God speaking to St Catherine of Siena:

“It is necessary for you to have two lights derived from this primary light, and to these two I will also add a third. The first lightens you all to know the transitory nature of the things of the world, all of which pass like the wind. But this you cannot know thoroughly, unless you first recognize your own fragility, how strong is your inclination, through the law of perversity with which your members are bound, to rebel against Me, your Creator (not that by this law any man can be constrained to commit any, even the smallest sin, against his will, but that this law of perversity fights lustily against the spirit). I did not impose this law upon you, in order that My rational creature should be conquered by it, but in order that he should prove and increase the virtue of his soul, because virtue cannot be proved, except by its contrary.

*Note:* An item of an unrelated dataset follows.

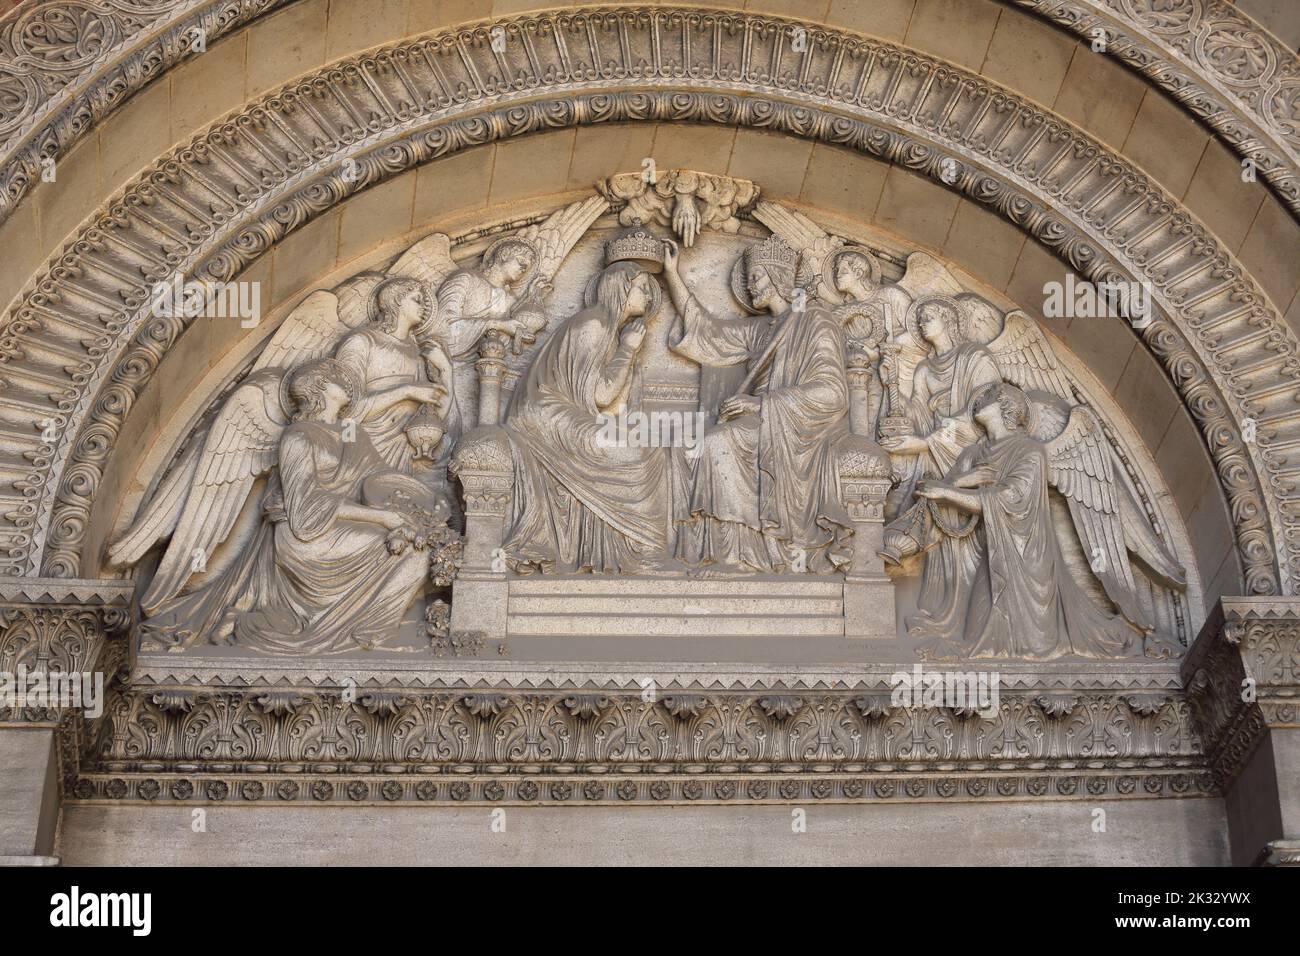 Cathedrale Sainte-Marie-Majeure (Cathedral of Saint Mary Major) Tympanum Above Entrance of the Virgin Mary's Coronation by Eugene Guillaume Marseille Stock Photo

Sensuality is contrary to the spirit, and yet, by means of sensuality, the soul is able to prove the love which she has for Me, her Creator. How does she prove it? When, with anger and displeasure, she rises against herself. This law has also been imposed in order to preserve the soul in true humility. Wherefore thou seest that, while I created the soul to Mine own image and likeness, placing her in such dignity and beauty, I caused her to be accompanied by the vilest of all things, imposing on her the law of perversity, imprisoning her in a body, formed of the vilest substance of the earth, so that, seeing in what her true beauty consisted, she should not raise her head in pride against Me.